EXERCISE:
At the line with "Carlie High Waist", start transcribing; stop after the last line of the data below. Keep it exact and leave pictures out.

DATA BELOW:
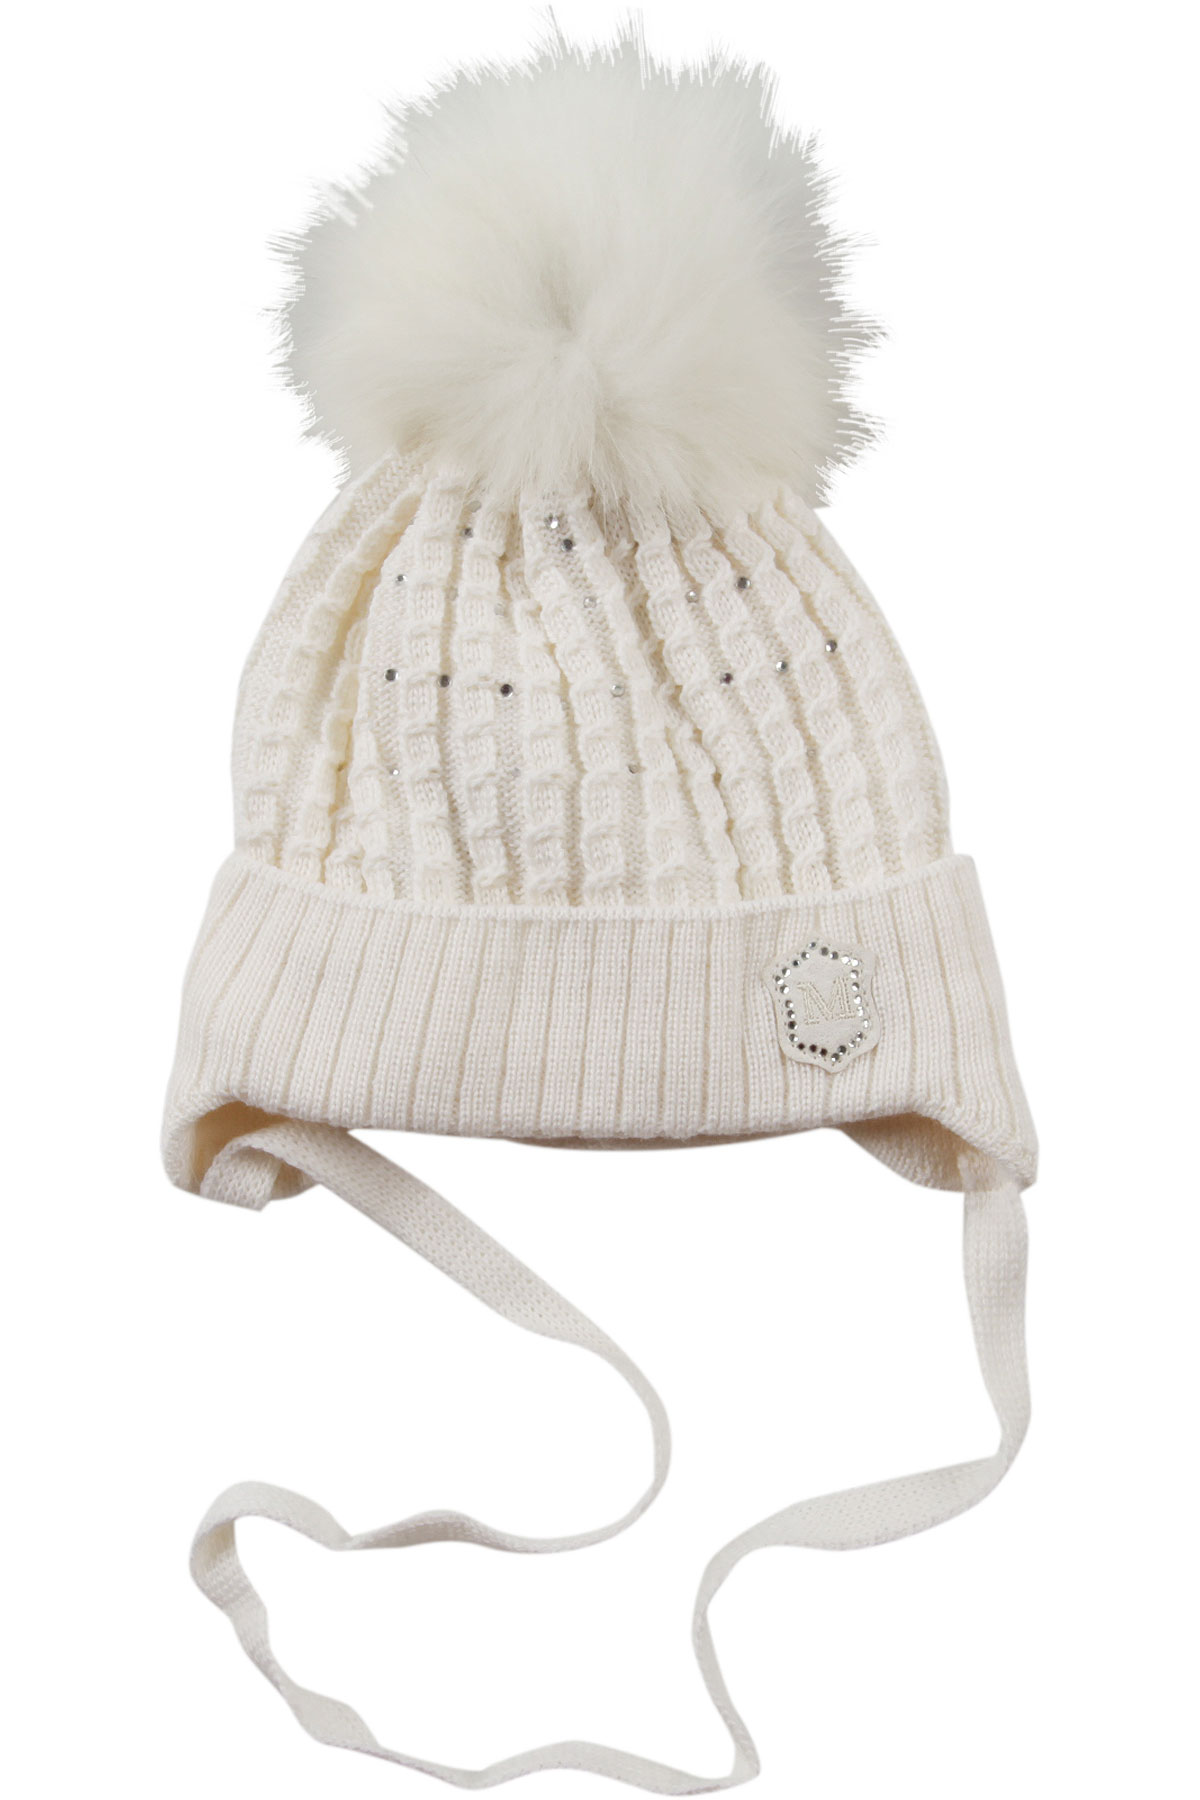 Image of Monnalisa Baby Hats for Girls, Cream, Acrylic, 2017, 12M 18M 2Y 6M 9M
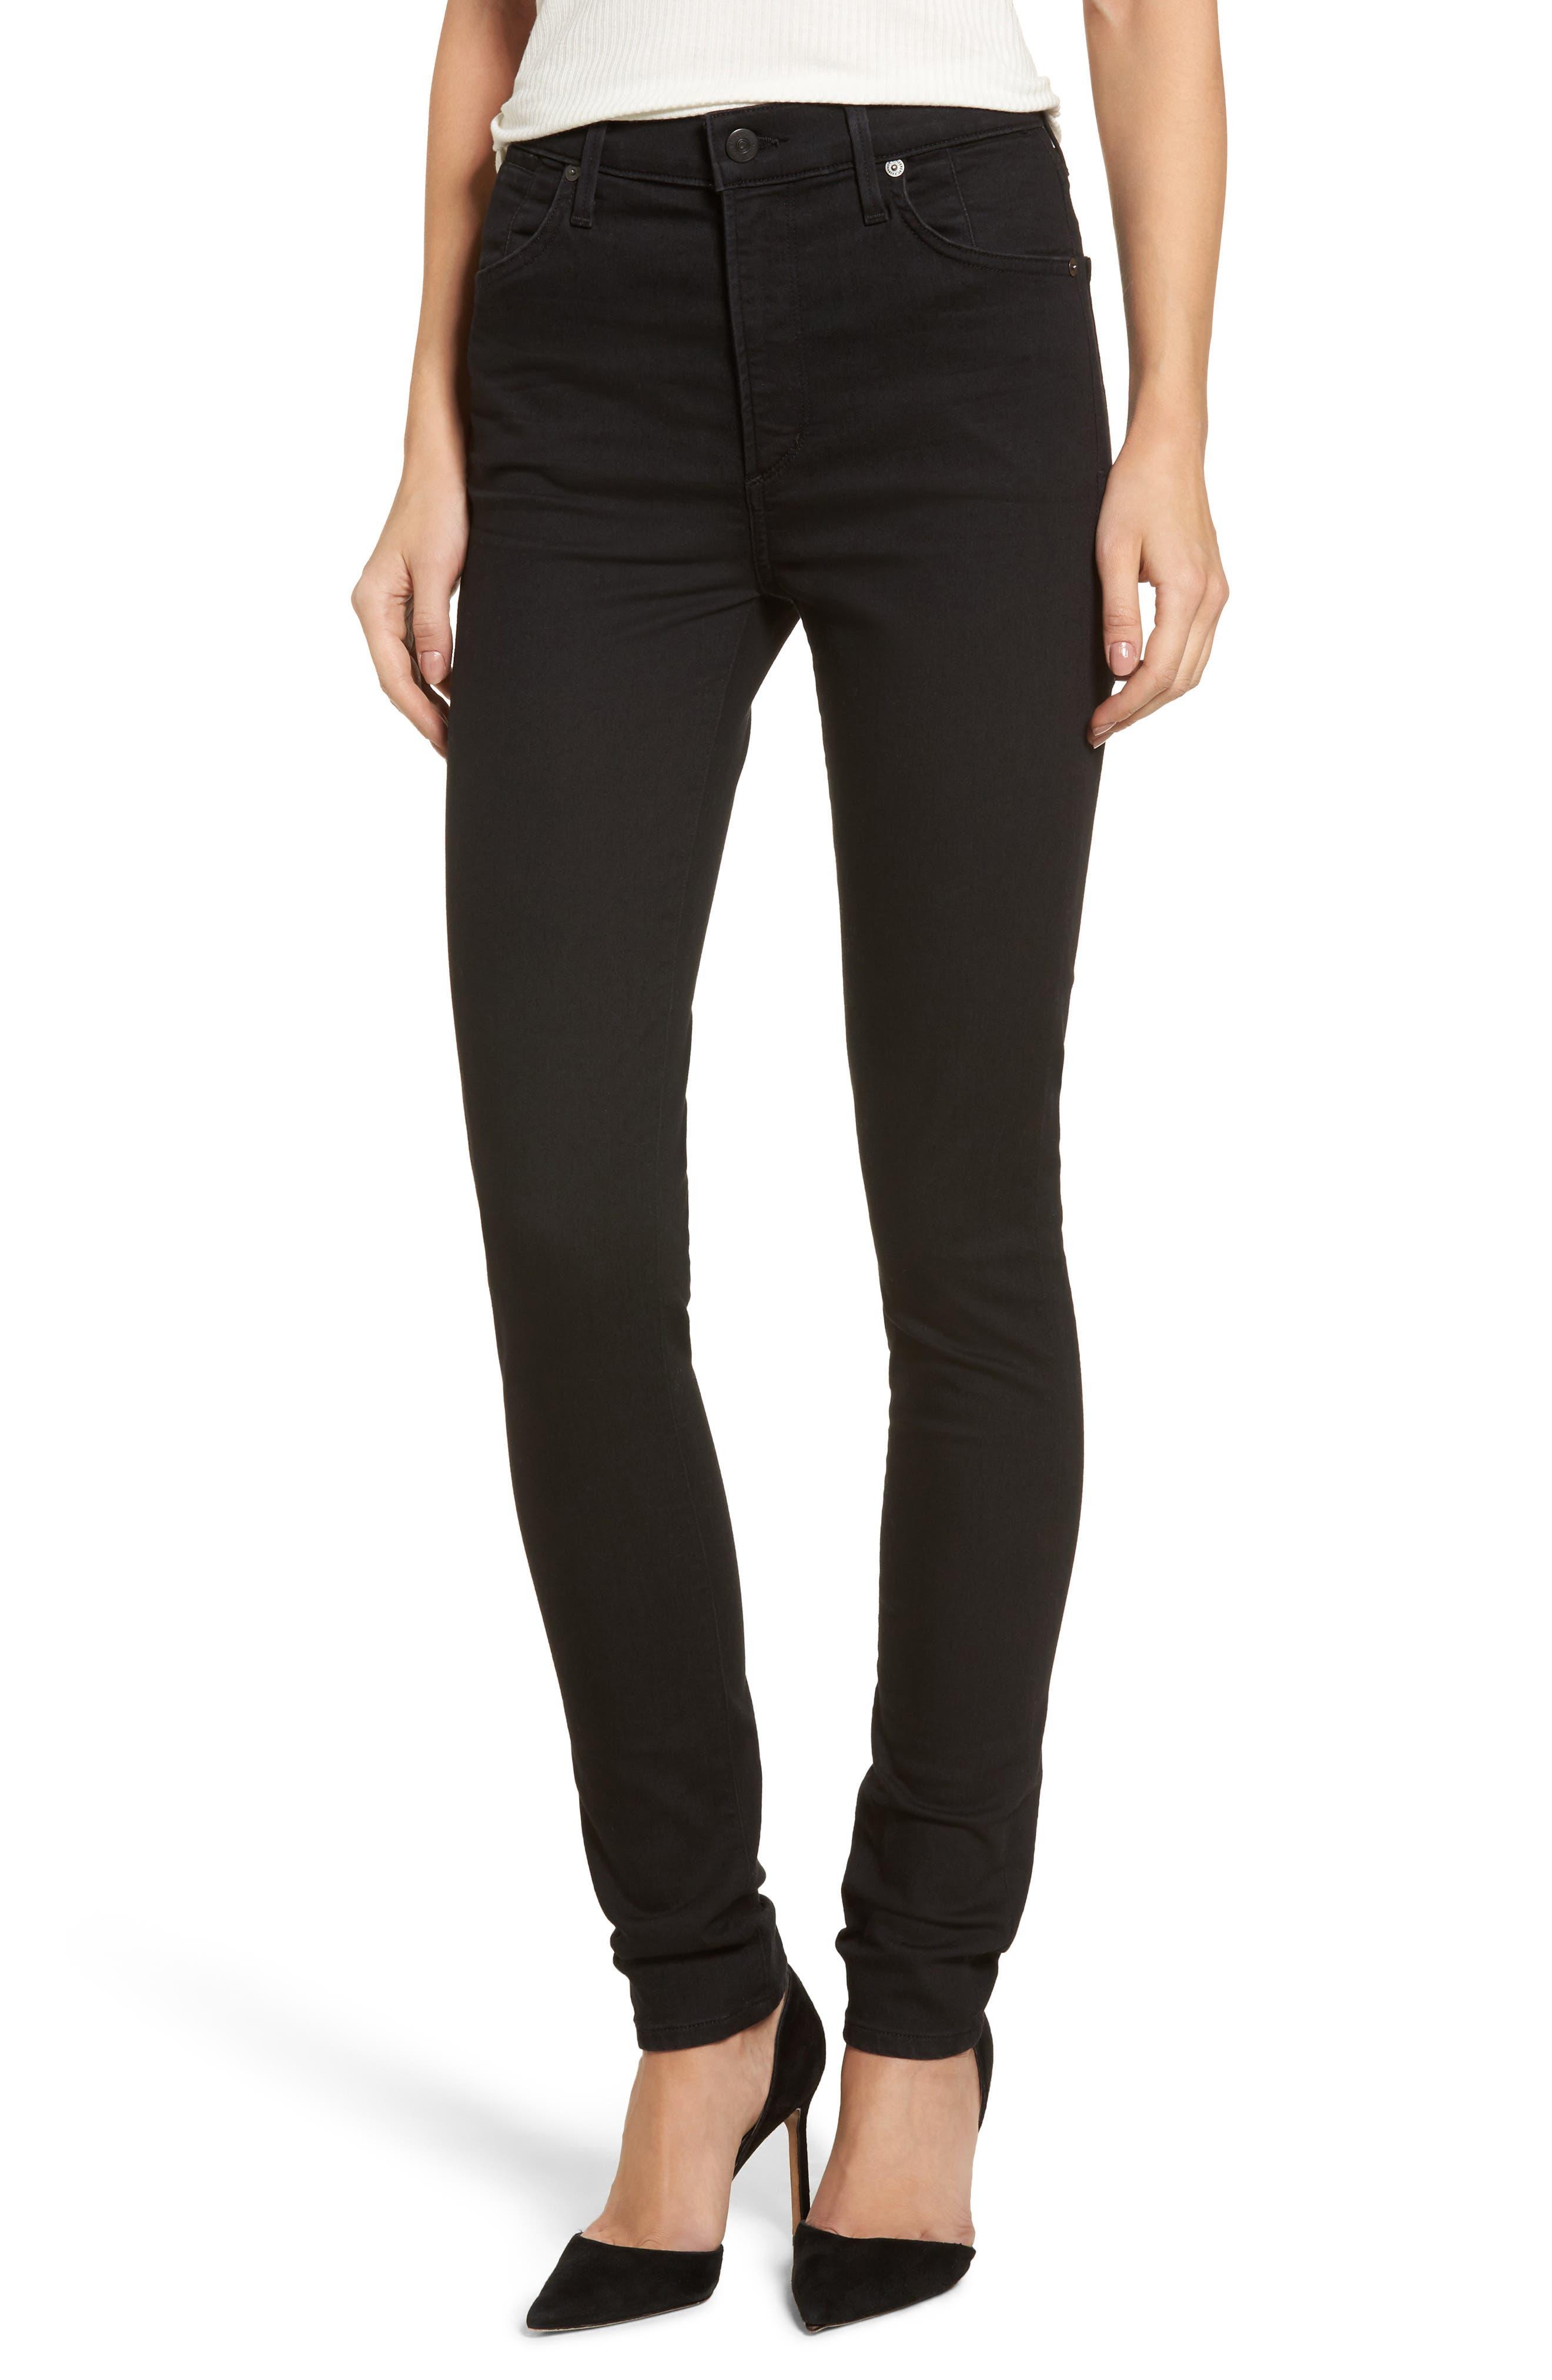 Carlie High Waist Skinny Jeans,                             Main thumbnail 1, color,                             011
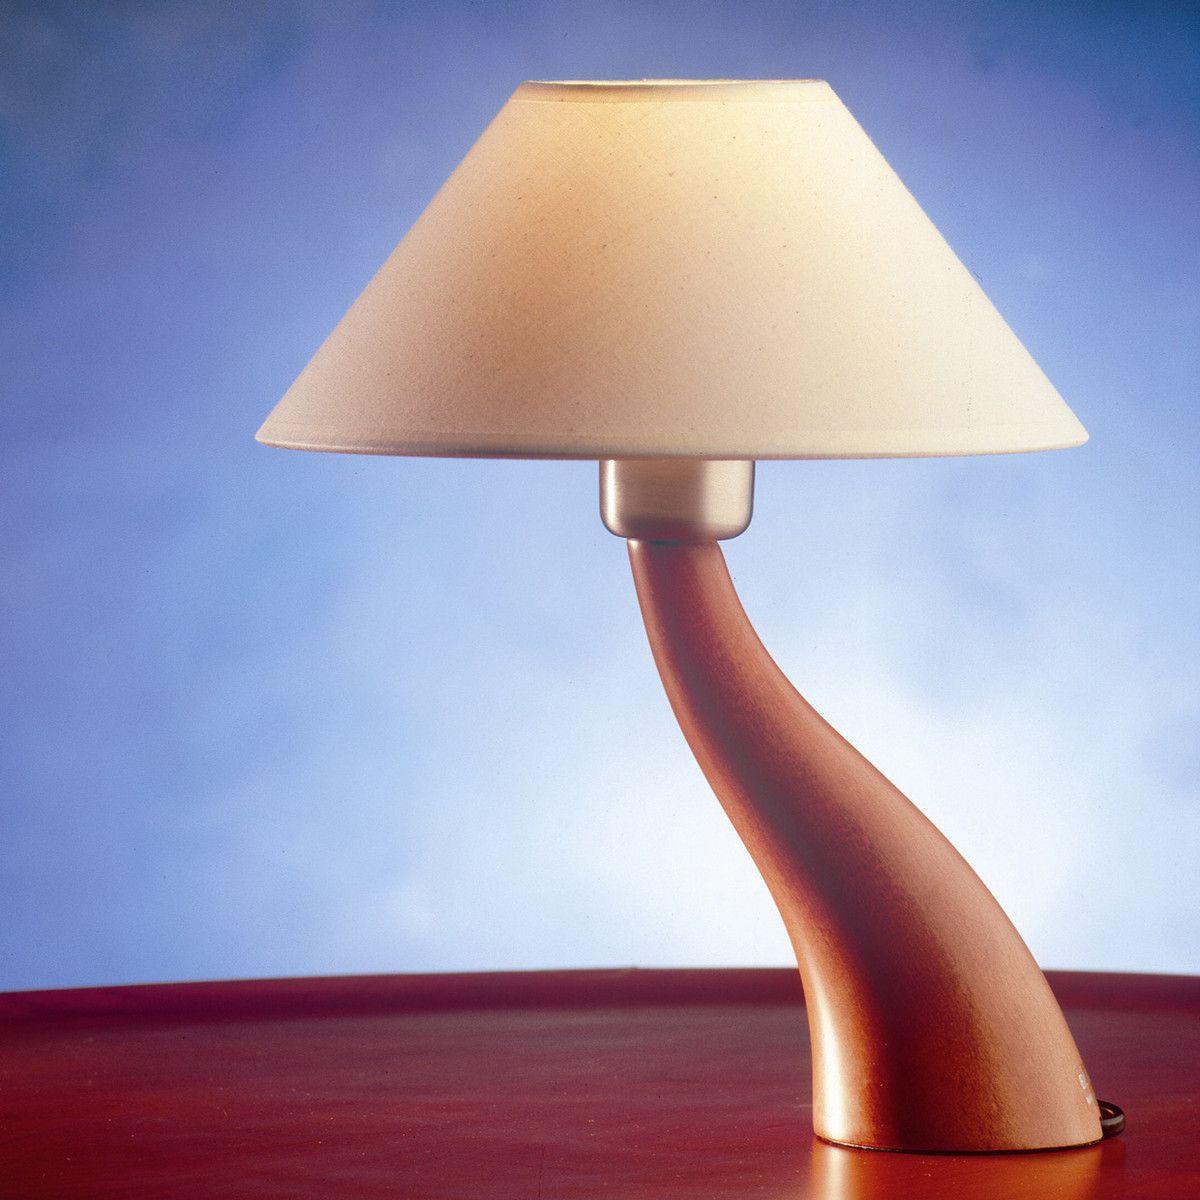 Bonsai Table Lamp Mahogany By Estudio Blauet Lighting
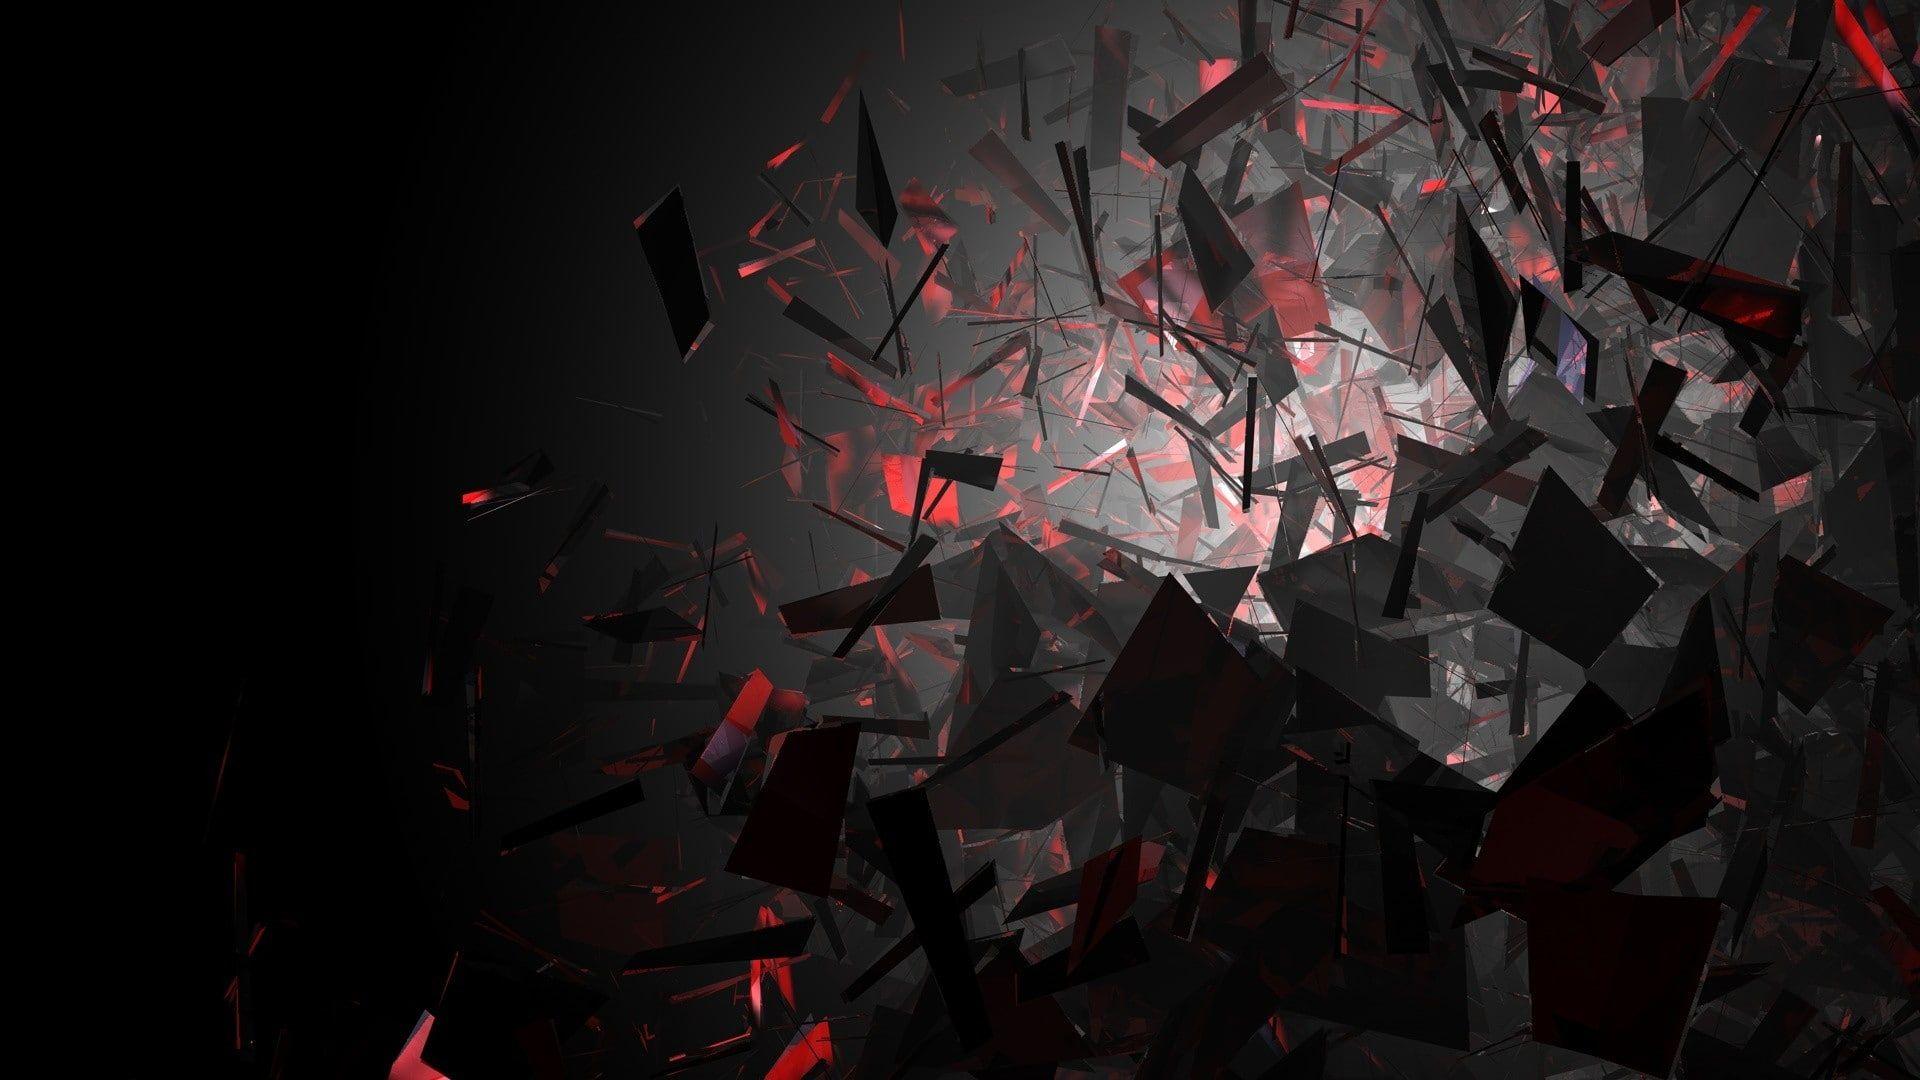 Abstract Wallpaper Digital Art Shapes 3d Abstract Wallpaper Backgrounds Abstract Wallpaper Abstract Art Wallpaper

WORKED SOLUTION:
 Carlie High Waist Skinny Jeans,                             Main thumbnail 1, color,                             011
 Bonsai Table Lamp Mahogany By Estudio Blauet Lighting
 Abstract Wallpaper Digital Art Shapes 3d Abstract Wallpaper Backgrounds Abstract Wallpaper Abstract Art Wallpaper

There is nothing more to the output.